Intuition for Time Complexity of Algorithms
I'm currently taking an algorithms class to fill out my spring semester. Since I'm already reasonably familiar with the contents of the course, I pass the time during lectures trying to figure out some deeper, more fundamental properties of algorithms. It's fun! And probably very useful to know. Here are some general notes on complexity, and one completely unrelated note on dynamic programming.
This is not a complete list of anything. It's just a loose assortment of insights I've had, which may or may not be helpful to anyone else. This article might get updated with time as I discover additional interesting things.

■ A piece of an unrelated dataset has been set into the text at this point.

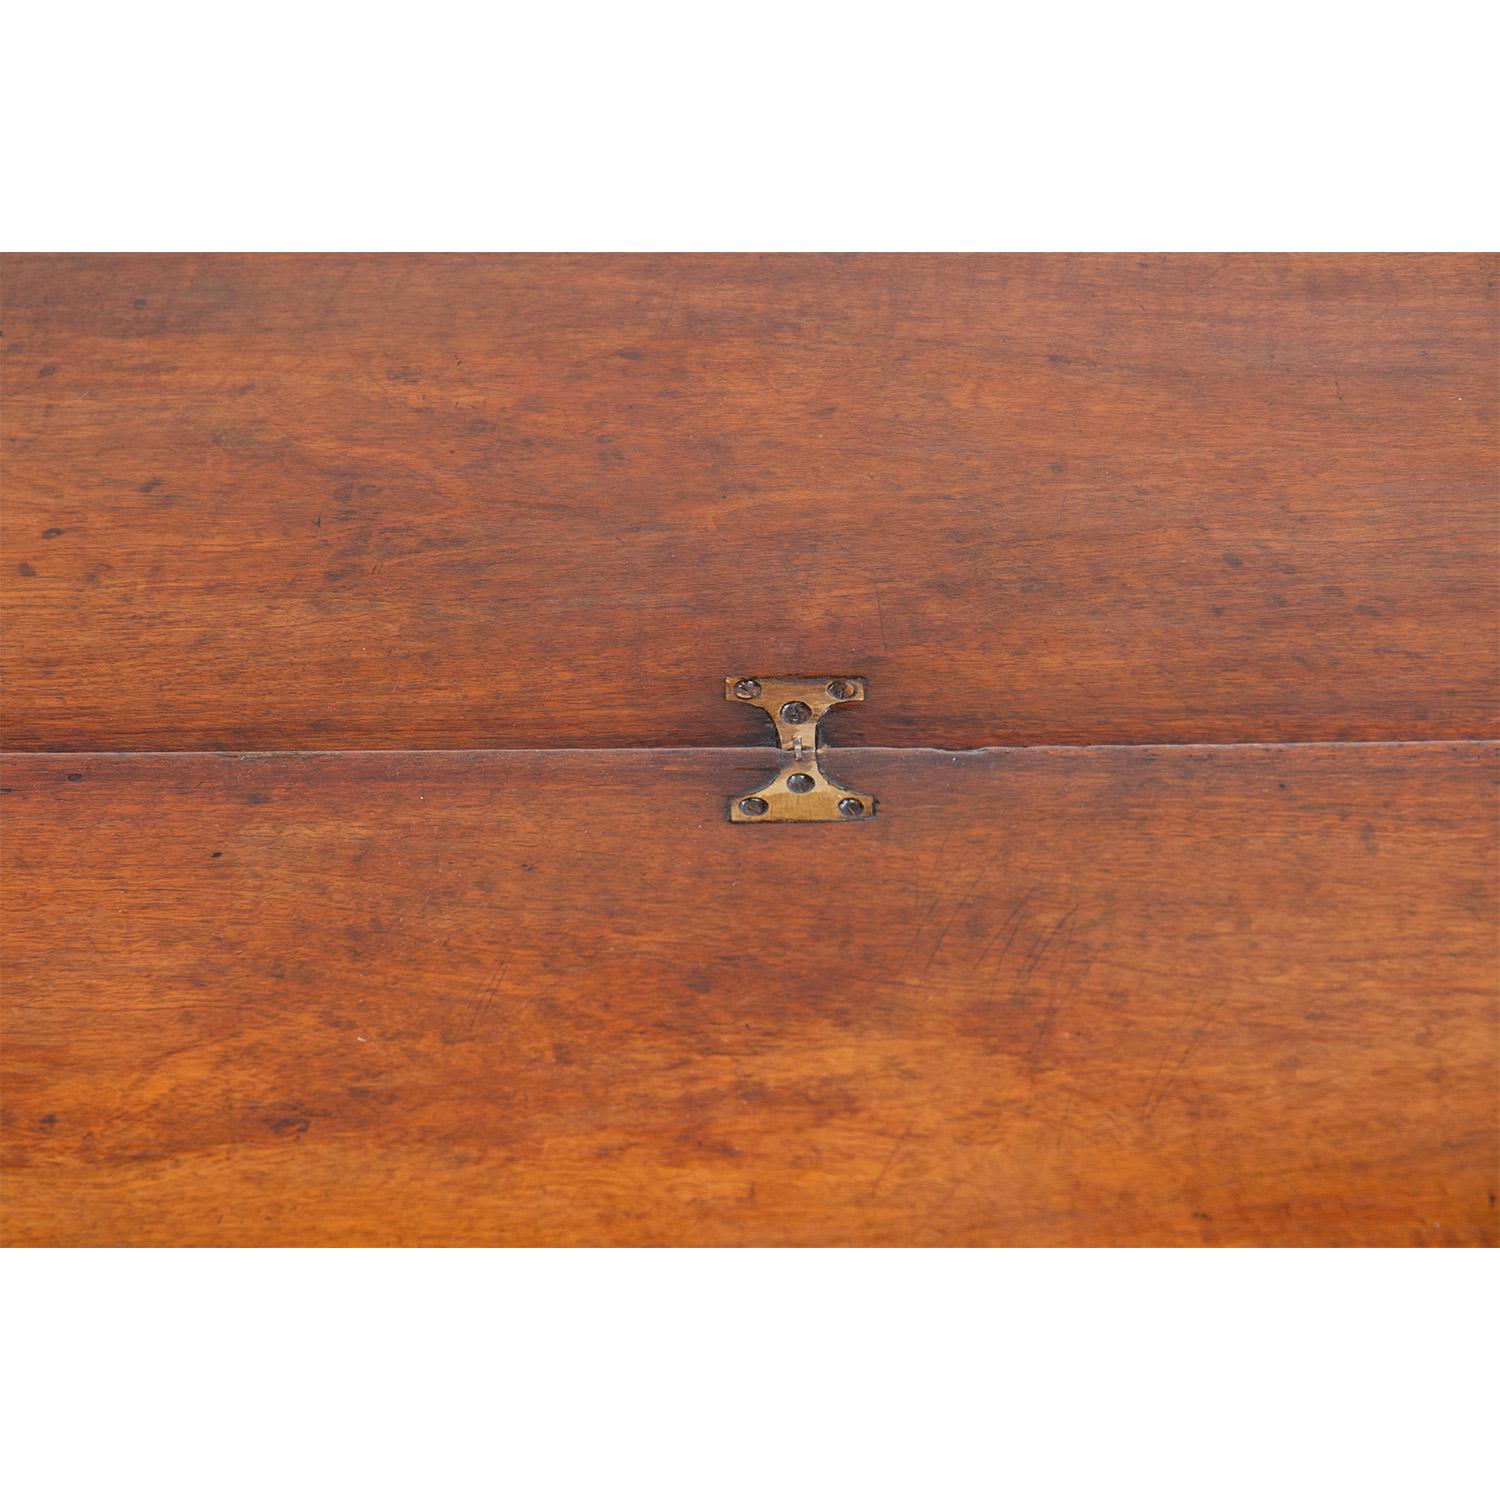 Elegant, understated demilune table made from cherrywood, circa 18th century.
Measures: 29.75

This means "bruteforcing through all permutations of the input". It's easy to come up with algorithms in this category. For example, you could sort an array by generating all permutations of the array and then returning the one that is sorted. A depth-first search will also belong to this category, such as a naive solution to the travelling salesman problem, or finding the longest simple path in a graph by checking all permutations of nodes that are also valid paths.
Any time you're trying all possible ways to split the input into two groups you're likely dealing with an O(2ⁿ) algorithm. Intuition: assign 0 or 1 to each element of the input, indicating whether they belong to the first or second group. The range of the output will be a number of n binary digits, i.e. between 0 and 2ⁿ.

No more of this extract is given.